Stored items
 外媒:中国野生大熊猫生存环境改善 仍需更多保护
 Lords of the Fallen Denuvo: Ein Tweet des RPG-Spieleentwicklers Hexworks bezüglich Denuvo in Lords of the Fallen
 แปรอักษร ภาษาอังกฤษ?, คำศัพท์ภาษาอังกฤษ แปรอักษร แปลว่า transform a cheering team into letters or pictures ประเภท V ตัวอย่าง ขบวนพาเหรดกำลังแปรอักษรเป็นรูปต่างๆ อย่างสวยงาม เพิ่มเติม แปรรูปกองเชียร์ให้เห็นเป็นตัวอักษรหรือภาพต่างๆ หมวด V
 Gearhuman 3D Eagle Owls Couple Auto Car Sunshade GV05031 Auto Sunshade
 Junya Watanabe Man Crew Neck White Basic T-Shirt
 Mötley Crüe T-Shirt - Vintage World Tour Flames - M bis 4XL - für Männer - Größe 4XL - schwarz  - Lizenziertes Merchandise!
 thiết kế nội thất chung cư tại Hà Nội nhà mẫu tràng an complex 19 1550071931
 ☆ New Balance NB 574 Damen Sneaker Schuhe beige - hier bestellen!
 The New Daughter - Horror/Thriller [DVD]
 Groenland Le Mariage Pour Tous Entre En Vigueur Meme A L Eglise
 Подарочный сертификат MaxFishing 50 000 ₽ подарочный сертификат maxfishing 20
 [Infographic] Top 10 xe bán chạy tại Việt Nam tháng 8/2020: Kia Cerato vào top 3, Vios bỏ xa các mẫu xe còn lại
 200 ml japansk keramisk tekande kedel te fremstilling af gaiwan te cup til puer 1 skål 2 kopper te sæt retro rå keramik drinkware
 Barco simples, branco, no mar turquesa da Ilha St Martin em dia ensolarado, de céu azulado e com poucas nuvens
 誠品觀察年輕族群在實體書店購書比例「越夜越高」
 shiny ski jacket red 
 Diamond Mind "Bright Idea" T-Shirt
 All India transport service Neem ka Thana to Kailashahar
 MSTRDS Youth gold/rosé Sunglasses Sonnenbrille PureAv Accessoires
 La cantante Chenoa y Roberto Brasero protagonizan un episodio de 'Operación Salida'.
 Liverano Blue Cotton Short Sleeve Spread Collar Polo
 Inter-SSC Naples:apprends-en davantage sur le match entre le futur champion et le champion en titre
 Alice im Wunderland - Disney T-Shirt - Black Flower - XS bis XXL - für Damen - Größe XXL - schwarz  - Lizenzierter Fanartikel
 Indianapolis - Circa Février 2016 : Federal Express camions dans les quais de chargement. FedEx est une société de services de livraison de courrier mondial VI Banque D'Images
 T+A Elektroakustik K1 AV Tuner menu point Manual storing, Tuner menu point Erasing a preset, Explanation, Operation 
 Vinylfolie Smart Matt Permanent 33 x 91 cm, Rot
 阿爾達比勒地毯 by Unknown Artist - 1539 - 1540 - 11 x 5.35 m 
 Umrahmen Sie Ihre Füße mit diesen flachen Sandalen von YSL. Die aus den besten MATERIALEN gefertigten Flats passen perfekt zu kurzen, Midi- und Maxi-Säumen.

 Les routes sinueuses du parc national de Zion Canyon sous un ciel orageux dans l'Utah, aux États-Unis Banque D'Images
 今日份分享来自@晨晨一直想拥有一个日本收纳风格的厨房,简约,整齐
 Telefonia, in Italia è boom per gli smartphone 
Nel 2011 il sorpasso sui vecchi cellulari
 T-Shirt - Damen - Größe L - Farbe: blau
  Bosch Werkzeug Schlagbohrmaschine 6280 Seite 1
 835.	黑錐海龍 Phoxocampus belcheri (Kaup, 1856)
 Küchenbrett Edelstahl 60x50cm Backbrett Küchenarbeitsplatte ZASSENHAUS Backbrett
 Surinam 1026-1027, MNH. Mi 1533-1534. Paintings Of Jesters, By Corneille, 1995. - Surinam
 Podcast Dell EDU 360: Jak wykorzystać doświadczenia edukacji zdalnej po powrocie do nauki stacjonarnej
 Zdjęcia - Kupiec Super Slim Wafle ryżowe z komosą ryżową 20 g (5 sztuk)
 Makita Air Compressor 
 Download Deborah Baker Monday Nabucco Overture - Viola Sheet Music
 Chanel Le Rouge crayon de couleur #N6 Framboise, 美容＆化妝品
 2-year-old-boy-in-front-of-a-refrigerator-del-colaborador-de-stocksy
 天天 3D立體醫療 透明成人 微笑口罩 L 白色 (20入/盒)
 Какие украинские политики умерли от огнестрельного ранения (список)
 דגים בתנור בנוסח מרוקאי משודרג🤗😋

§ WHAT THE TASK ASKS
Your task is to retype the data exactly, with no line missing.

§ REPLY
 外媒:中国野生大熊猫生存环境改善 仍需更多保护
 Lords of the Fallen Denuvo: Ein Tweet des RPG-Spieleentwicklers Hexworks bezüglich Denuvo in Lords of the Fallen
 แปรอักษร ภาษาอังกฤษ?, คำศัพท์ภาษาอังกฤษ แปรอักษร แปลว่า transform a cheering team into letters or pictures ประเภท V ตัวอย่าง ขบวนพาเหรดกำลังแปรอักษรเป็นรูปต่างๆ อย่างสวยงาม เพิ่มเติม แปรรูปกองเชียร์ให้เห็นเป็นตัวอักษรหรือภาพต่างๆ หมวด V
 Gearhuman 3D Eagle Owls Couple Auto Car Sunshade GV05031 Auto Sunshade
 Junya Watanabe Man Crew Neck White Basic T-Shirt
 Mötley Crüe T-Shirt - Vintage World Tour Flames - M bis 4XL - für Männer - Größe 4XL - schwarz  - Lizenziertes Merchandise!
 thiết kế nội thất chung cư tại Hà Nội nhà mẫu tràng an complex 19 1550071931
 ☆ New Balance NB 574 Damen Sneaker Schuhe beige - hier bestellen!
 The New Daughter - Horror/Thriller [DVD]
 Groenland Le Mariage Pour Tous Entre En Vigueur Meme A L Eglise
 Подарочный сертификат MaxFishing 50 000 ₽ подарочный сертификат maxfishing 20
 [Infographic] Top 10 xe bán chạy tại Việt Nam tháng 8/2020: Kia Cerato vào top 3, Vios bỏ xa các mẫu xe còn lại
 200 ml japansk keramisk tekande kedel te fremstilling af gaiwan te cup til puer 1 skål 2 kopper te sæt retro rå keramik drinkware
 Barco simples, branco, no mar turquesa da Ilha St Martin em dia ensolarado, de céu azulado e com poucas nuvens
 誠品觀察年輕族群在實體書店購書比例「越夜越高」
 shiny ski jacket red 
 Diamond Mind "Bright Idea" T-Shirt
 All India transport service Neem ka Thana to Kailashahar
 MSTRDS Youth gold/rosé Sunglasses Sonnenbrille PureAv Accessoires
 La cantante Chenoa y Roberto Brasero protagonizan un episodio de 'Operación Salida'.
 Liverano Blue Cotton Short Sleeve Spread Collar Polo
 Inter-SSC Naples:apprends-en davantage sur le match entre le futur champion et le champion en titre
 Alice im Wunderland - Disney T-Shirt - Black Flower - XS bis XXL - für Damen - Größe XXL - schwarz  - Lizenzierter Fanartikel
 Indianapolis - Circa Février 2016 : Federal Express camions dans les quais de chargement. FedEx est une société de services de livraison de courrier mondial VI Banque D'Images
 T+A Elektroakustik K1 AV Tuner menu point Manual storing, Tuner menu point Erasing a preset, Explanation, Operation 
 Vinylfolie Smart Matt Permanent 33 x 91 cm, Rot
 阿爾達比勒地毯 by Unknown Artist - 1539 - 1540 - 11 x 5.35 m 
 Umrahmen Sie Ihre Füße mit diesen flachen Sandalen von YSL. Die aus den besten MATERIALEN gefertigten Flats passen perfekt zu kurzen, Midi- und Maxi-Säumen.

 Les routes sinueuses du parc national de Zion Canyon sous un ciel orageux dans l'Utah, aux États-Unis Banque D'Images
 今日份分享来自@晨晨一直想拥有一个日本收纳风格的厨房,简约,整齐
 Telefonia, in Italia è boom per gli smartphone 
Nel 2011 il sorpasso sui vecchi cellulari
 T-Shirt - Damen - Größe L - Farbe: blau
  Bosch Werkzeug Schlagbohrmaschine 6280 Seite 1
 835.	黑錐海龍 Phoxocampus belcheri (Kaup, 1856)
 Küchenbrett Edelstahl 60x50cm Backbrett Küchenarbeitsplatte ZASSENHAUS Backbrett
 Surinam 1026-1027, MNH. Mi 1533-1534. Paintings Of Jesters, By Corneille, 1995. - Surinam
 Podcast Dell EDU 360: Jak wykorzystać doświadczenia edukacji zdalnej po powrocie do nauki stacjonarnej
 Zdjęcia - Kupiec Super Slim Wafle ryżowe z komosą ryżową 20 g (5 sztuk)
 Makita Air Compressor 
 Download Deborah Baker Monday Nabucco Overture - Viola Sheet Music
 Chanel Le Rouge crayon de couleur #N6 Framboise, 美容＆化妝品
 2-year-old-boy-in-front-of-a-refrigerator-del-colaborador-de-stocksy
 天天 3D立體醫療 透明成人 微笑口罩 L 白色 (20入/盒)
 Какие украинские политики умерли от огнестрельного ранения (список)
 דגים בתנור בנוסח מרוקאי משודרג🤗😋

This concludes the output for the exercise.